Precision filtering with chain-of-thought reasoning
High recall in earlier stages results in massive noise; manual filtering is infeasible at scale (108K papers).
Use LLMs with chain-of-thought reasoning and expert-informed prompts to classify papers by title/abstract only.
Does the abstract mention biological aging or related theories?
Are specific aging theories or mechanisms explicitly discussed?
Filter out clinical trials, reviews without theory focus, purely intervention papers
Handle ambiguous cases: hallmarks papers, senolytic studies, evolutionary theories
Assign confidence level (high/medium/low) based on theory centrality
Output structured JSON: include/exclude/review + reasoning
72.2% noise reduction while maintaining high recall for true aging theory papers
Papers discussing "hallmarks of aging" are included only if they propose or test specific mechanistic theories, not just review existing hallmarks.

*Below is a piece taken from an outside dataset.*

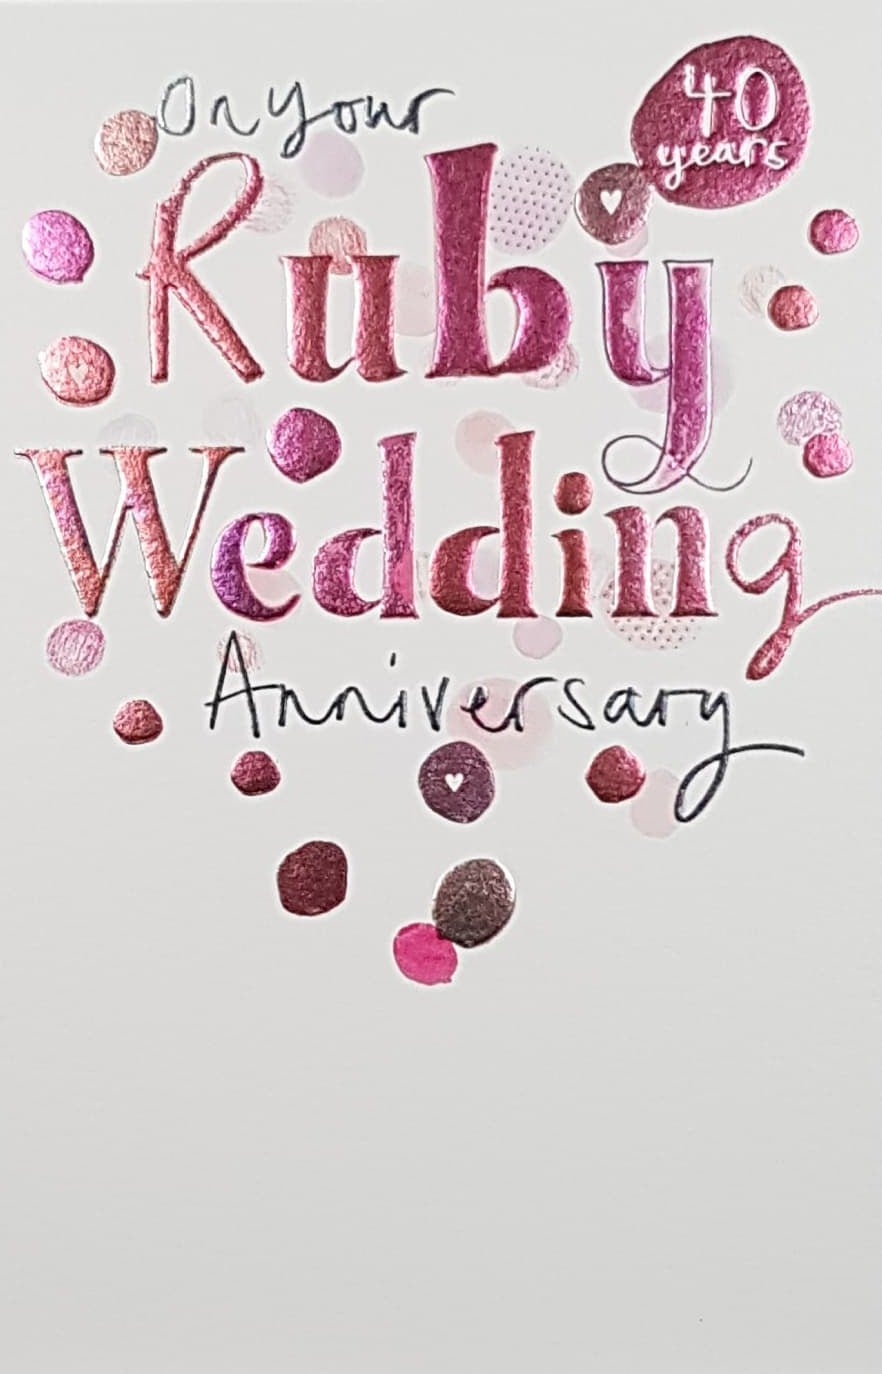 Anniversary Card - 40th Anniversary / Pink & Red Artistic Blobs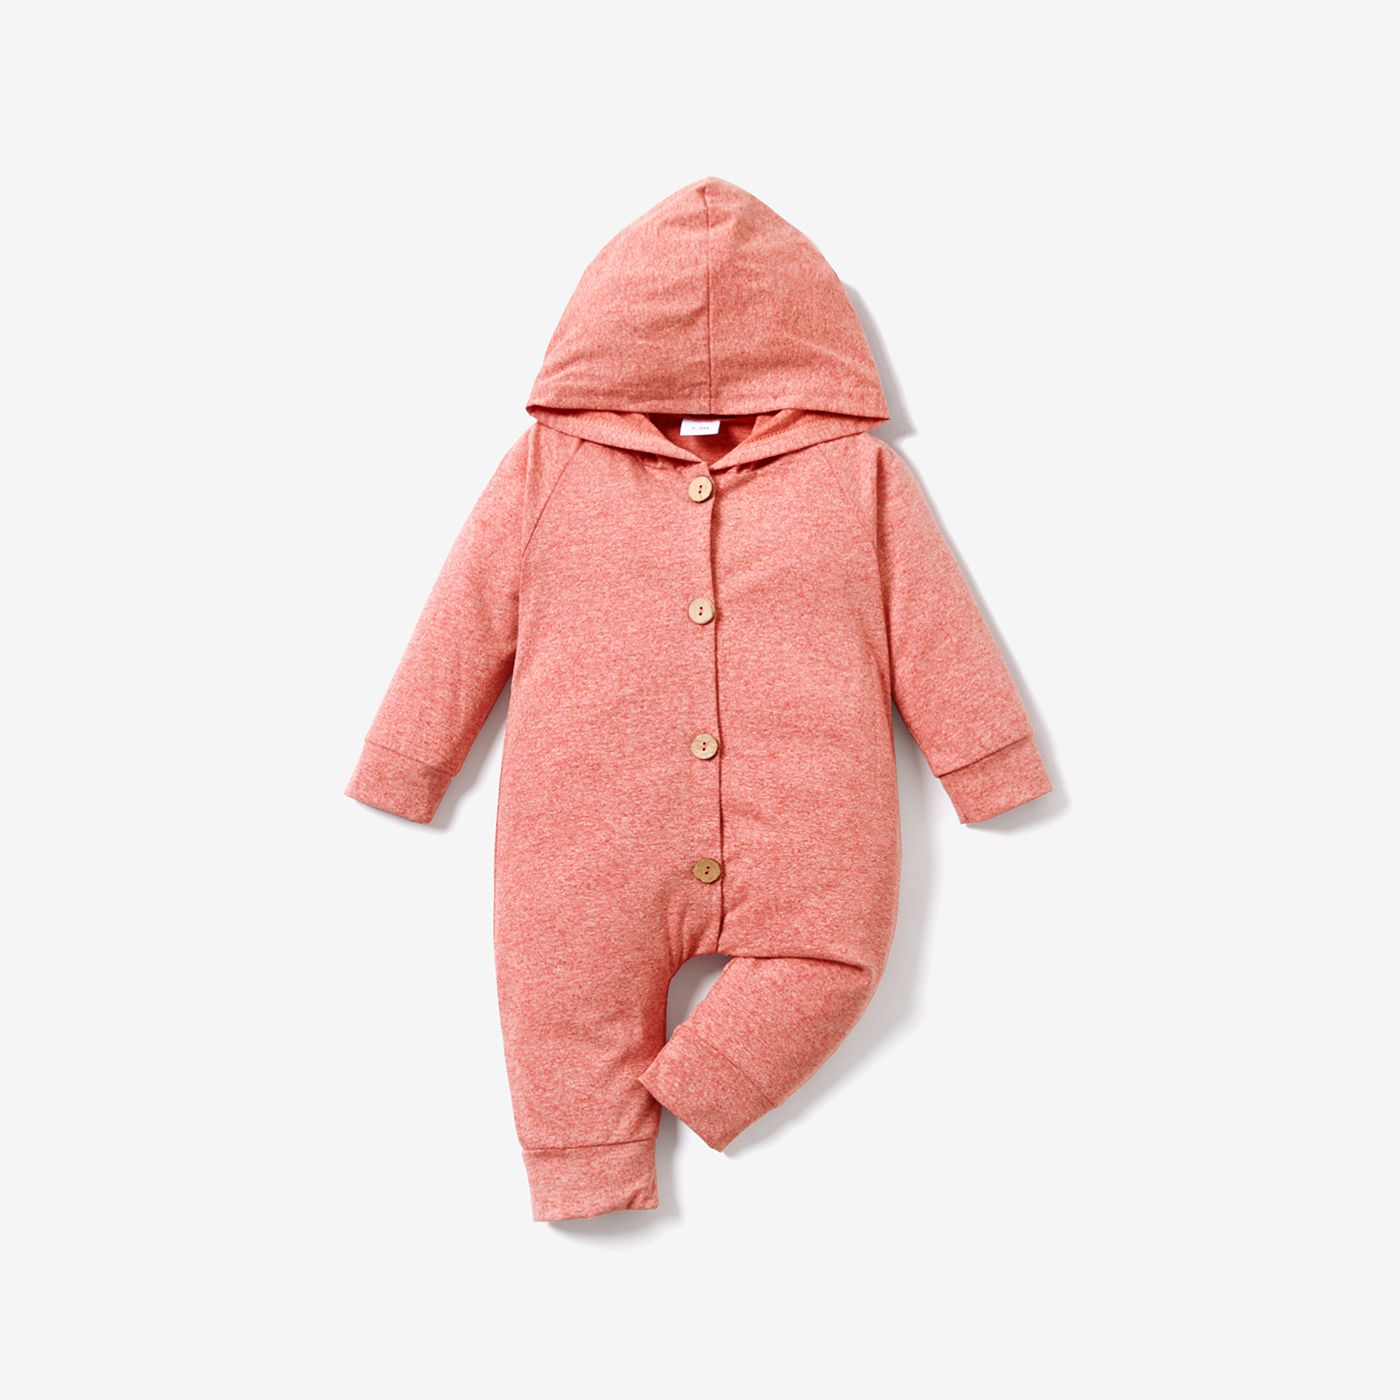 Solid Hooded Long-sleeve Baby Jumpsuit

Intervention papers are included if they explicitly test or discuss underlying aging theories (e.g., cellular senescence theory), excluded if purely pharmacological.
Papers on evolutionary theories of aging (antagonistic pleiotropy, disposable soma) are always included, even if abstract is brief.
Reviews are included if they synthesize or compare theories; excluded if they only summarize empirical findings without theoretical framing.